I have a python application which uses tesseract for detecting checkboxes in scanned images, works perfectly fine on my local machine, but when I push my code to Bluemix along with the python-tesseract buildpack it fails generating the output file which means the tesseract is not getting detected on Bluemix.
applications:
- path: .
memory: 512M
instances: 1
domain: mybluemix.net
name: edge-noise-detector-bluemix
host: edge-noise-detector-bluemix
disk_quota: 1024M
buildpack: https://github.com/LeoKotschenreuther/python-tesseract-buildpack.git
Flask
numpy
Pillow==4.1.1
pycparser
pyOpenSSL
pyparsing
pytesseract
python-dateutil
python-swiftclient
pytz
PyWavelets
scikit-image
scipy
requests
matplotlib==1.4.3
opencv-python
cf_deployment_tracker
tesseract
Traceback (most recent call last):
File "/app/.heroku/python/lib/python3.6/site-packages/flask/app.py", line 1982, in wsgi_app
response = self.full_dispatch_request()
File "/app/.heroku/python/lib/python3.6/site-packages/flask/app.py", line 1614, in full_dispatch_request
rv = self.handle_user_exception(e)
File "/app/.heroku/python/lib/python3.6/site-packages/flask/app.py", line 1517, in handle_user_exception
reraise(exc_type, exc_value, tb)
File "/app/.heroku/python/lib/python3.6/site-packages/flask/_compat.py", line 33, in reraise
raise value
File "/app/.heroku/python/lib/python3.6/site-packages/flask/app.py", line 1612, in full_dispatch_request
rv = self.dispatch_request()
File "/app/.heroku/python/lib/python3.6/site-packages/flask/app.py", line 1598, in dispatch_request
return self.view_functions[rule.endpoint](**req.view_args)
File "server.py", line 217, in predict_square_checkboxes
ImgOcr = image_hocr_class.ocr_hocr('temporary.png')

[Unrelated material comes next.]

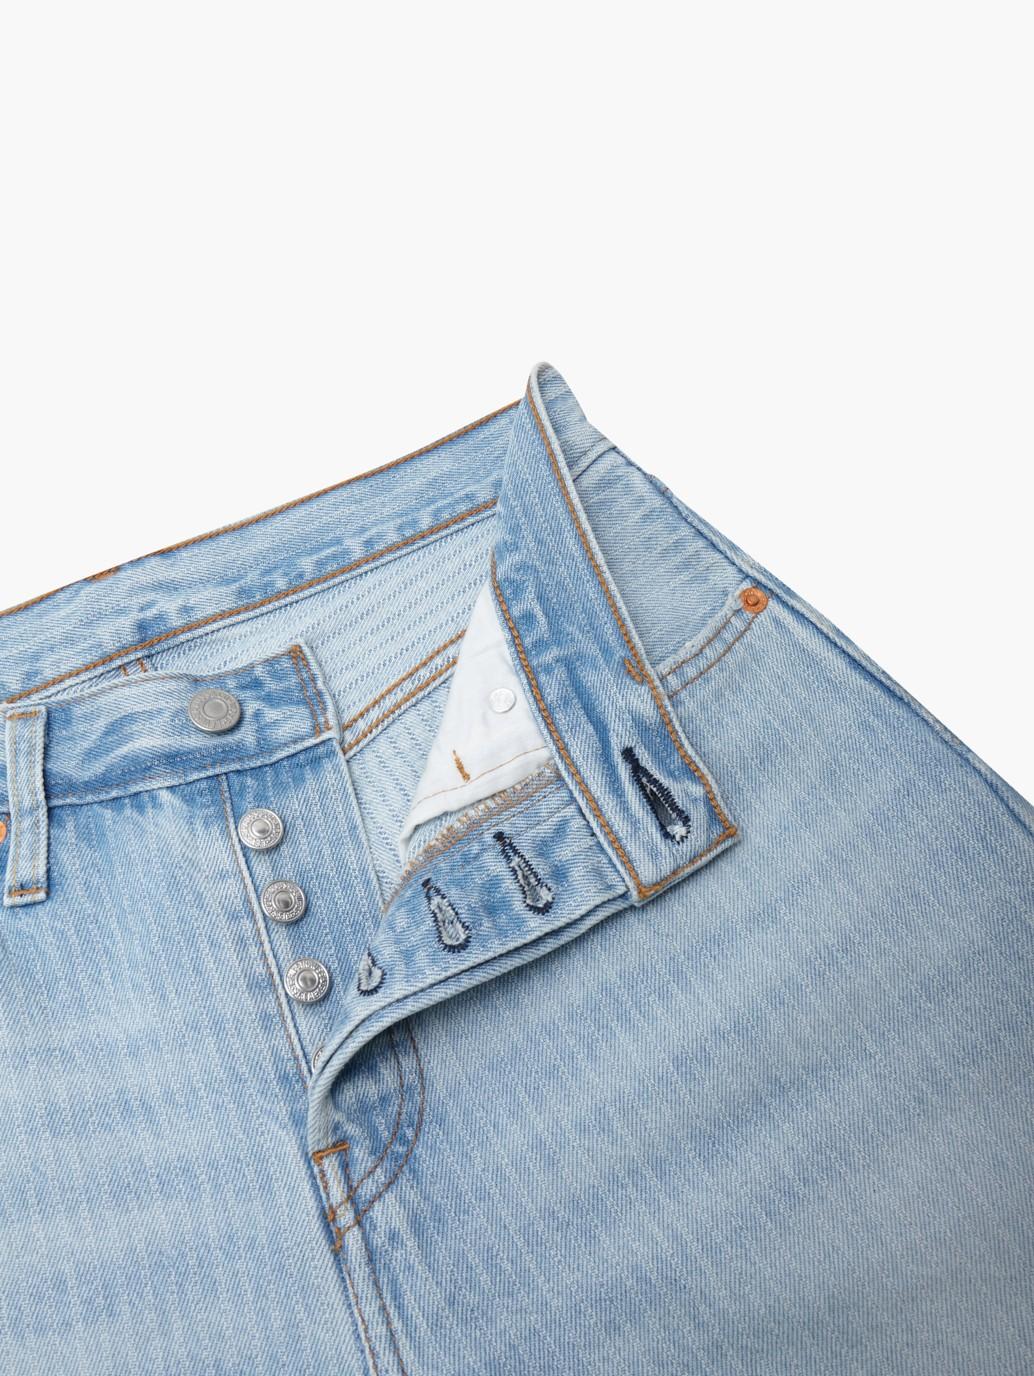 Buy [As worn by NewJeans Minji] Levi's® Women's 501® 81 Jeans | Levi’s ...

File "/home/vcap/app/src/image_hocr_class.py", line 39, in __init__
self.HTMLTree = xml.etree.ElementTree.parse(self.HOCRFileName).getroot()
File "/app/.heroku/python/lib/python3.6/xml/etree/ElementTree.py", line 1196, in parse
tree.parse(source, parser)
File "/app/.heroku/python/lib/python3.6/xml/etree/ElementTree.py", line 586, in parse
source = open(source, "rb")
FileNotFoundError: [Errno 2] No such file or directory: 'images/8e297b93a39f1e08a490f72c8db53bf0.hocr'
This normally happens when pytesseract could not locate the path of tesseract. Not sure how to get this work on Bluemix. Does anyone got python with tesseract working on Bluemix? Please help.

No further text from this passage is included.